Erstmals hat Bosch Rexroth in den USA ein System mit aktiver Wellenkompensation geliefert, das für den Offshore-Kran von EBI, einem Hersteller von Hubschiffen, vorgesehen ist. Das Projekt war für beide Partner eine Herausforderung: sowohl in technologischer Hinsicht als auch aufgrund des engen Zeitplanes.
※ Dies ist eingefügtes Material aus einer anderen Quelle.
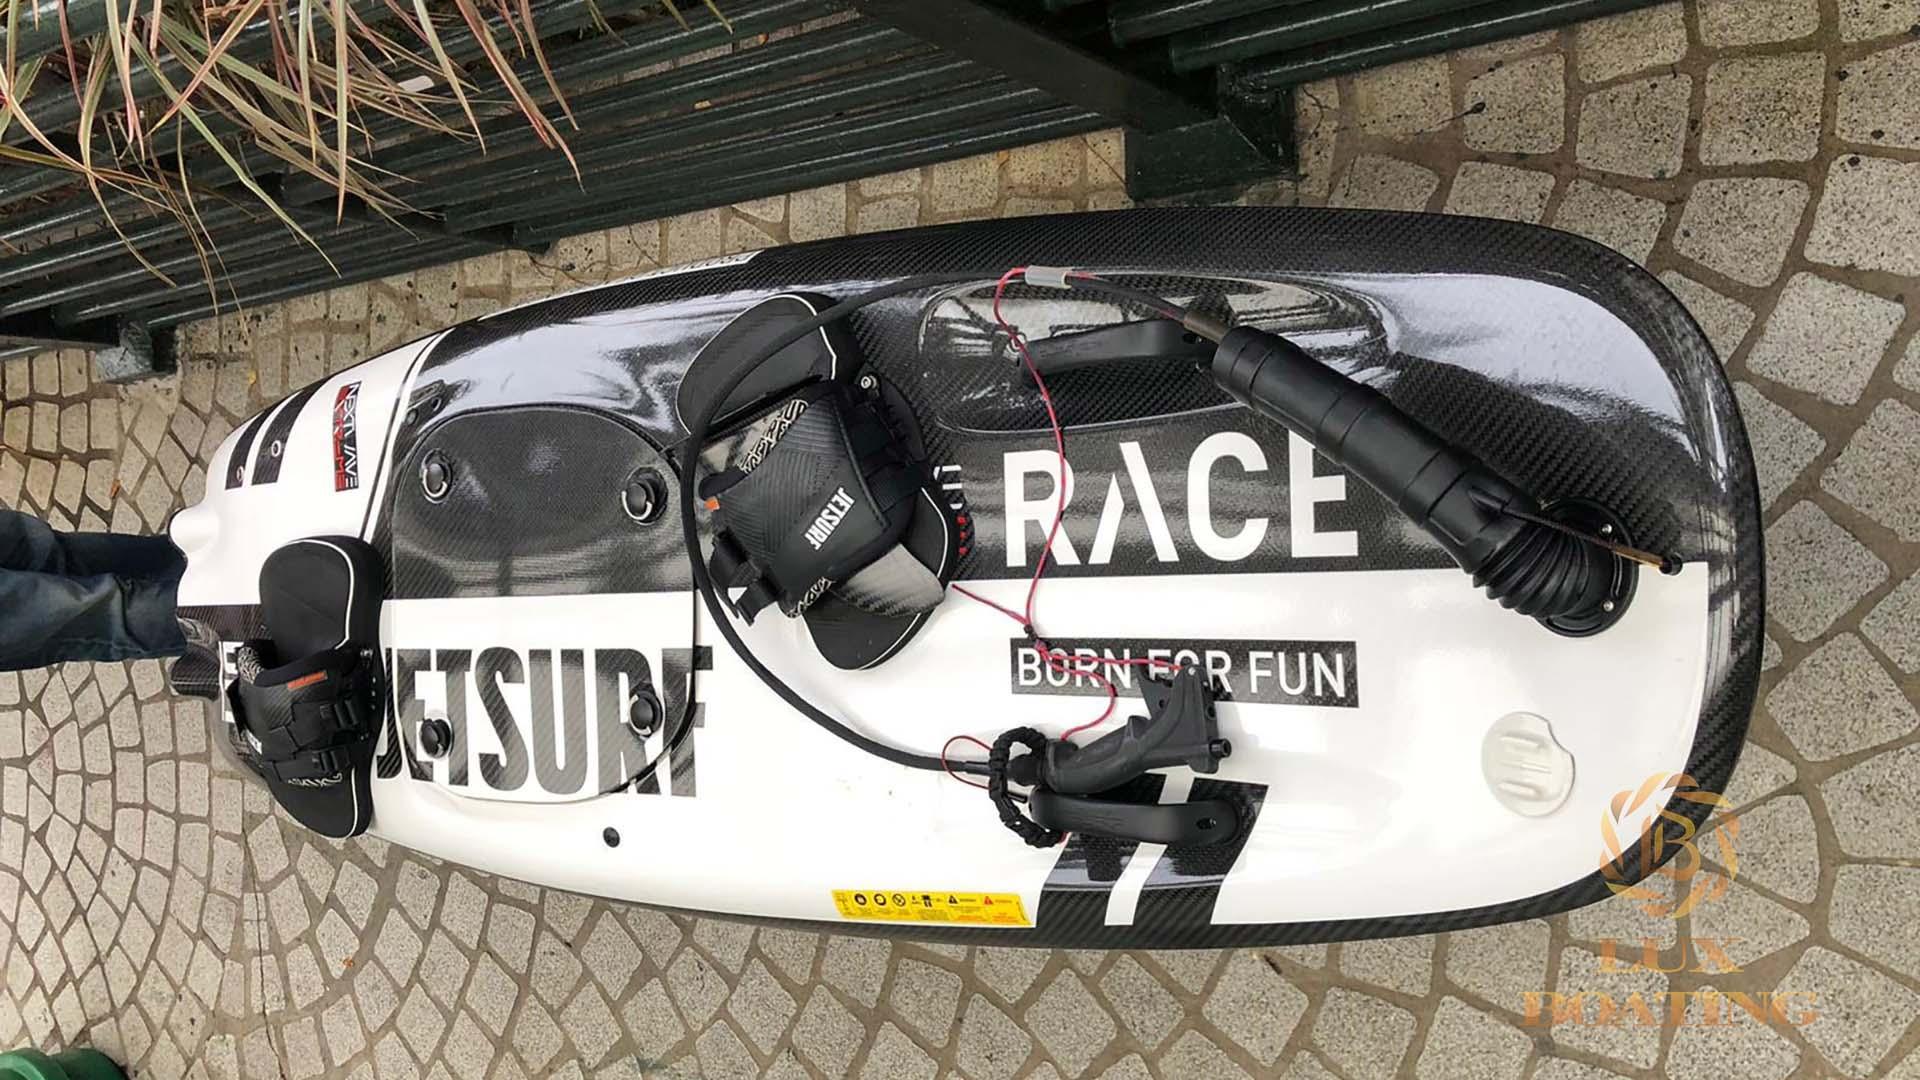 2019 JETSURF RACE WHITE

Elevating Boats, Inc. (EBI) wurde im Jahr 1949 als Universalreparaturdienst gegründet und avancierte durch die Entwicklung eines erhöhten Frachtkahns, der eine stabile Plattform für die Öl- und Gasindustrie im Golf von Mexiko bot, zu einem Hubschiffspezialisten. Heute ist das Unternehmen in Houma, Louisiana, ansässig, betreibt 26 Hubschiffe im Golf von Mexiko und ist laut seinem CEO Ken Serigne „der einzige Entwickler, Hersteller und Betreiber von Hubschiffen“. Ein Kunde wandte sich an EBI, weil er einen Offshore-Kran in Kastenbauweise mit Teleskoparm sowie aktiver Wellenkompensation (Active Heave Compensation AHC) der Hauptwinden benötigte. Da es sich dabei um ein neues Geschäftsfeld für EBI handelte, wurde Bosch Rexroth für den Auftrag unter Vertrag genommen. Es war das erste AHC-Projekt des Unternehmens in den USA.

Bevorzugte Technologie

Da AHC die Möglichkeit bietet, die Relativbewegung zwischen dem Schiff und dem Meeresgrund bei Offshore-Arbeiten auszugleichen, war sie die bevorzugte Technologie. Zudem erhöht die Technologie die Sicherheit, weil die Auswirkung der Wellenbewegungen auf die angehobene Last reduziert wird und ein dynamisches Windenantriebssystem mit Geschwindigkeits- und Drehmomentsteuerung der Hauptwinde zum Einsatz kommt. Bosch Rexroth lieferte ein Hydraulikaggregat, Komponenten, den Speicher, Windenhydraulikmotoren, Lasthaltungsverteiler, eine mobile Steuerventilbaugruppe und eine Steuerung. Der norwegische Partner Scantrol lieferte die AHC-Steuerungen.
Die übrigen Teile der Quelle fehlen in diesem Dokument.